Diese Dynamik der Einheit mit Gott, mit der Kirche und mit uns selbst ist eine Voraussetzung für den Frieden unter Menschen und Völkern: Nur ein versöhnter Mensch ist in der Lage, auf entwaffnete und entwaffnende Weise zu leben! Wer die Waffen des Stolzes ablegt und sich beständig von Gottes Vergebung erneuern lässt, wird im alltäglichen Leben zu einem Stifter von Versöhnung.

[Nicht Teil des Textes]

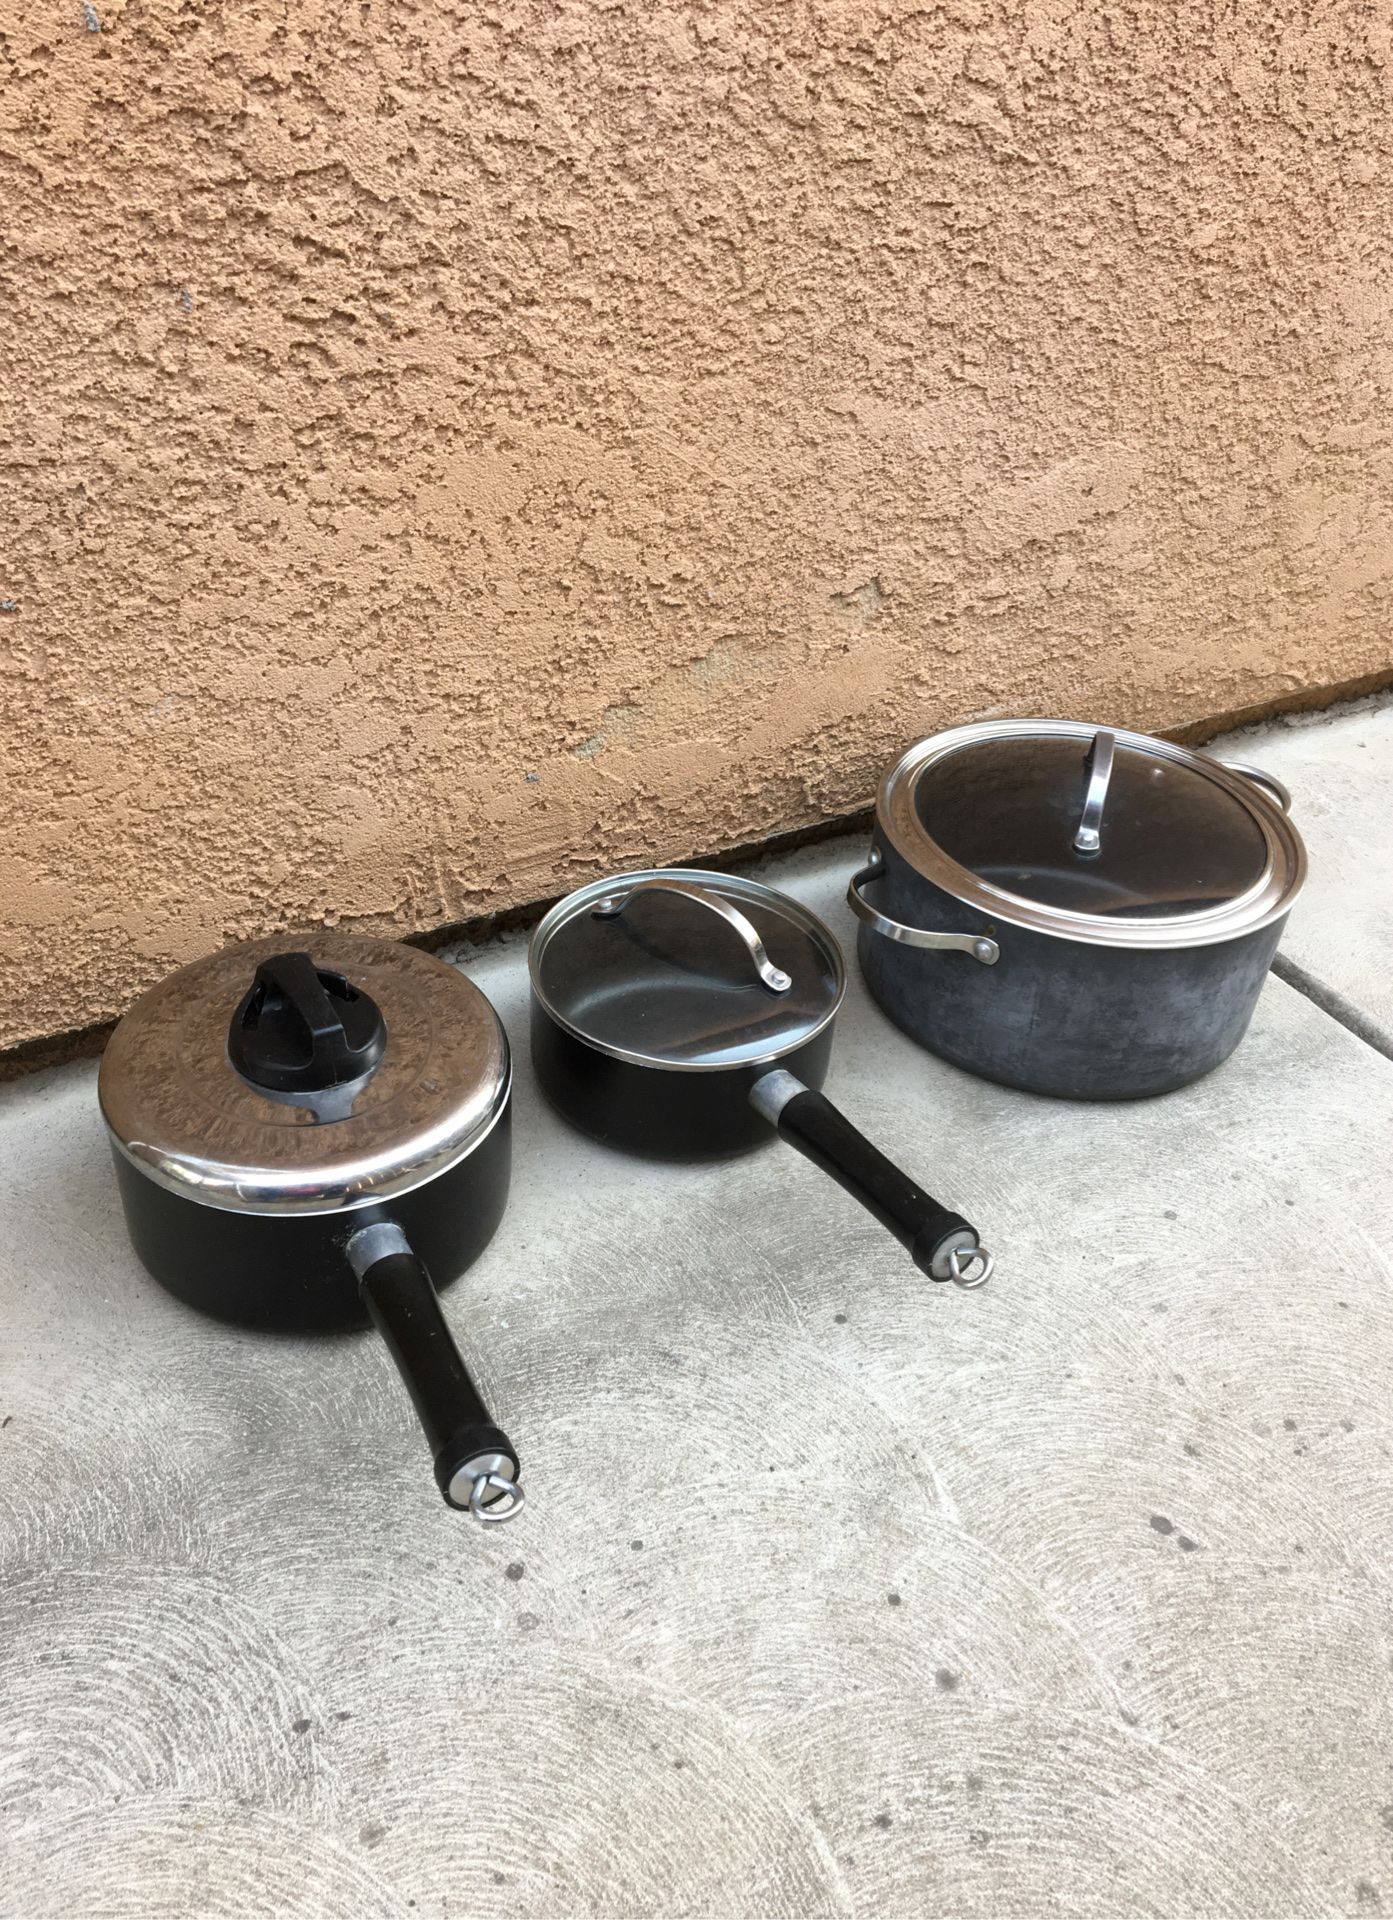 The set of cookware
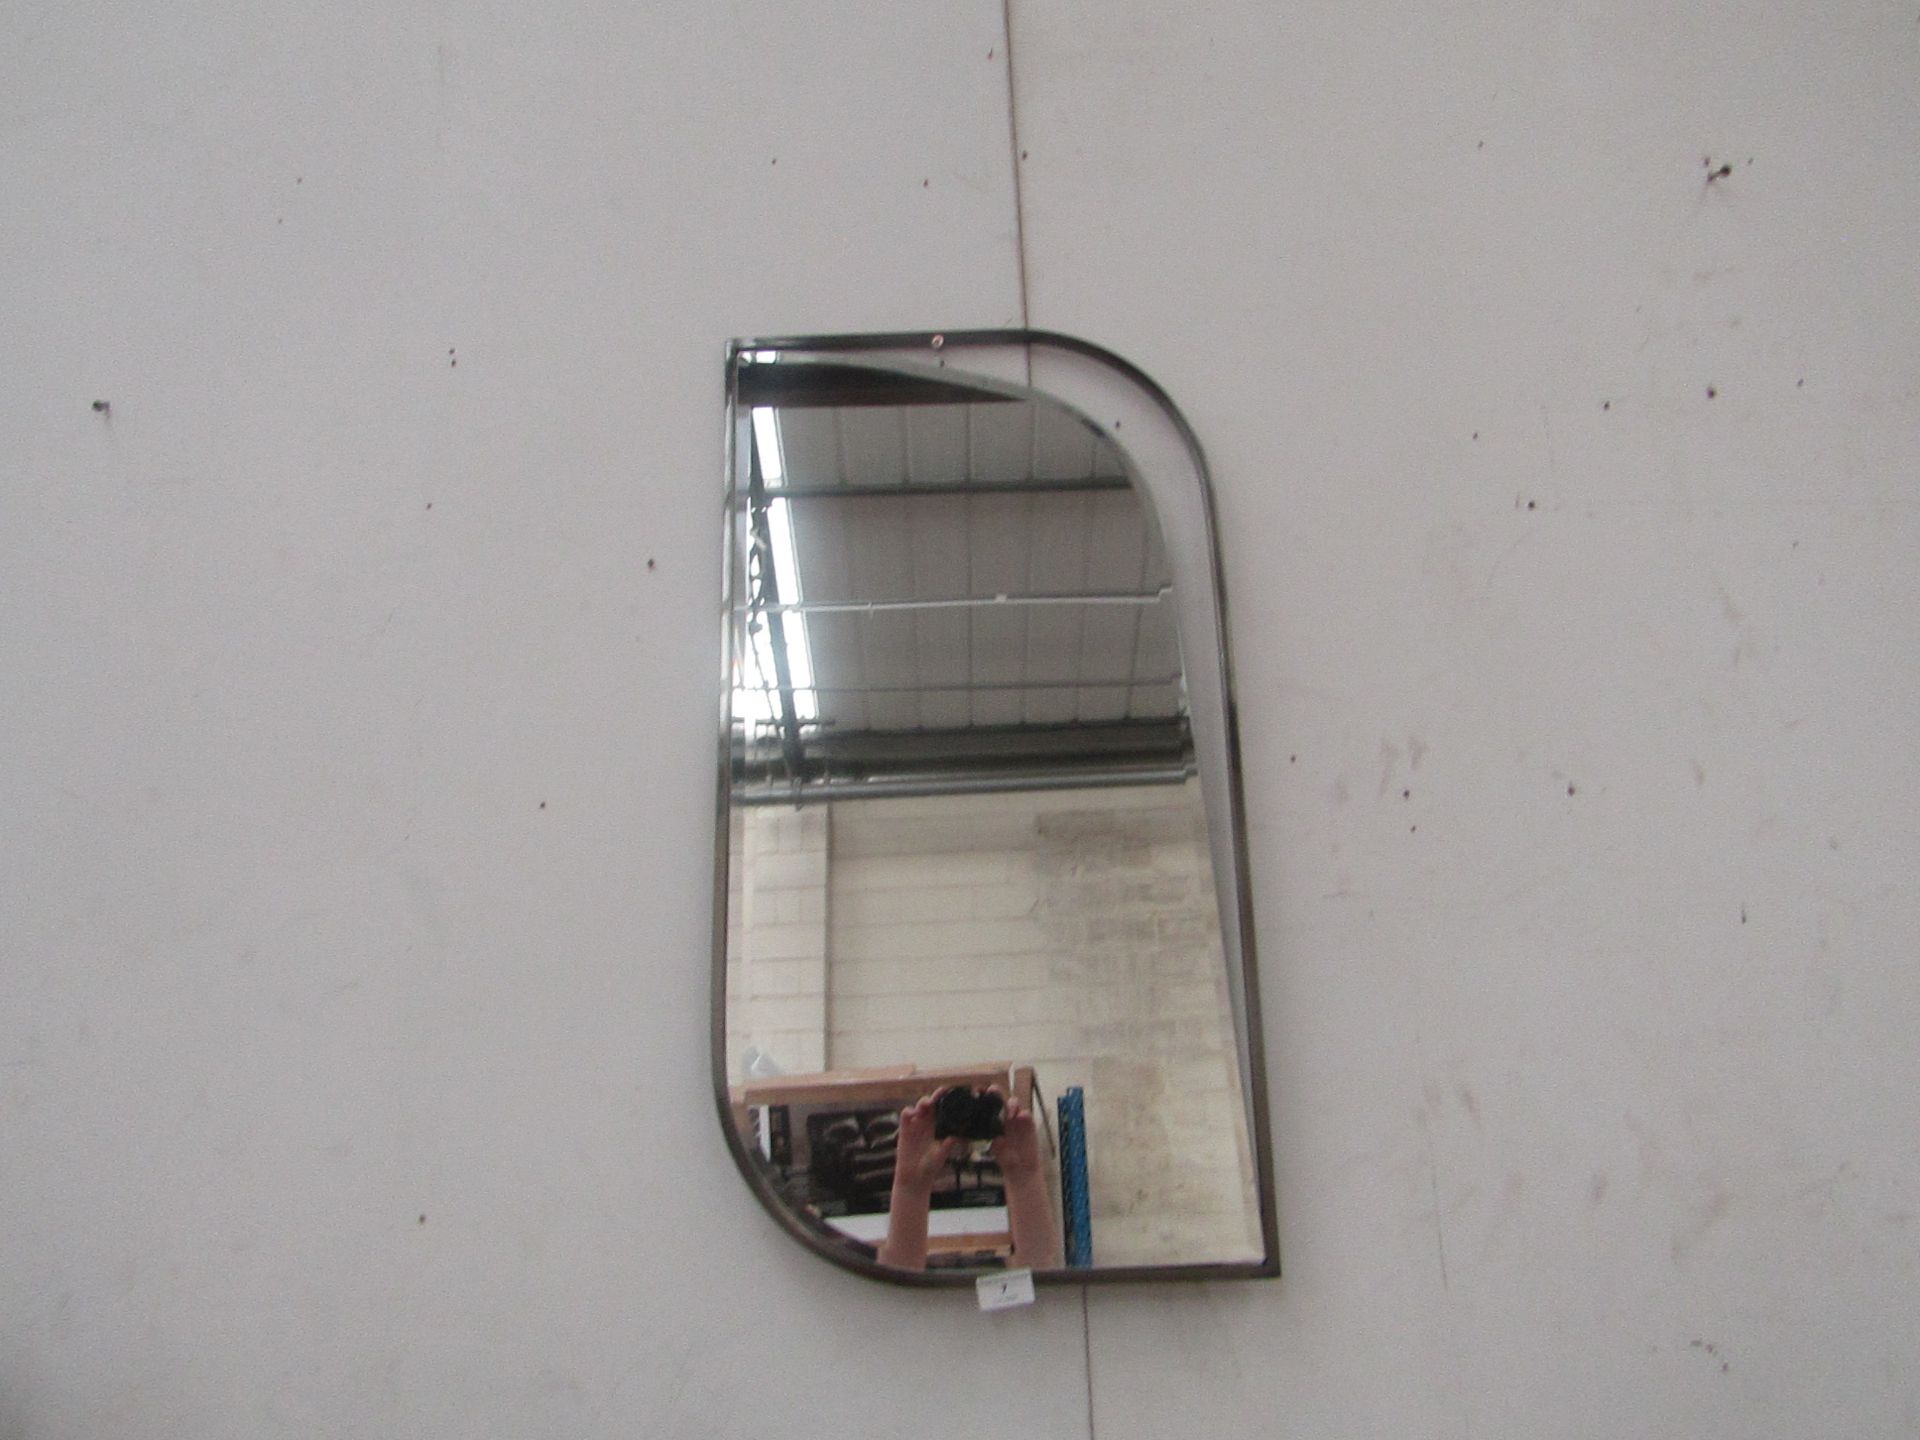 | 1X | AM PM ISANDRO MIRROR 75X40CM| LOOKS UNUSED AND BOXED | RRP CIRCA £160 |

In ihm oder in ihr werden die dem heiligen Franz von Assisi zugeschriebenen Worte Wirklichkeit: »Herr, mach mich zu einem Werkzeug deines Friedens.«
Meine Lieben, auch ihr selbst sollt es nicht unterlassen, mit treuer Beharrlichkeit das Sakrament der Versöhnung zu empfangen, um stets die ersten Empfänger der göttlichen Barmherzigkeit zu sein, deren Diener ihr geworden seid oder sein werdet. Maria, die Mutter der Barmherzigkeit, möge euch stets auf eurem Weg begleiten und eure Schritte erhellen. Euch allen erteile ich – auch für euren täglichen Einsatz – von Herzen den Apostolischen Segen. Danke.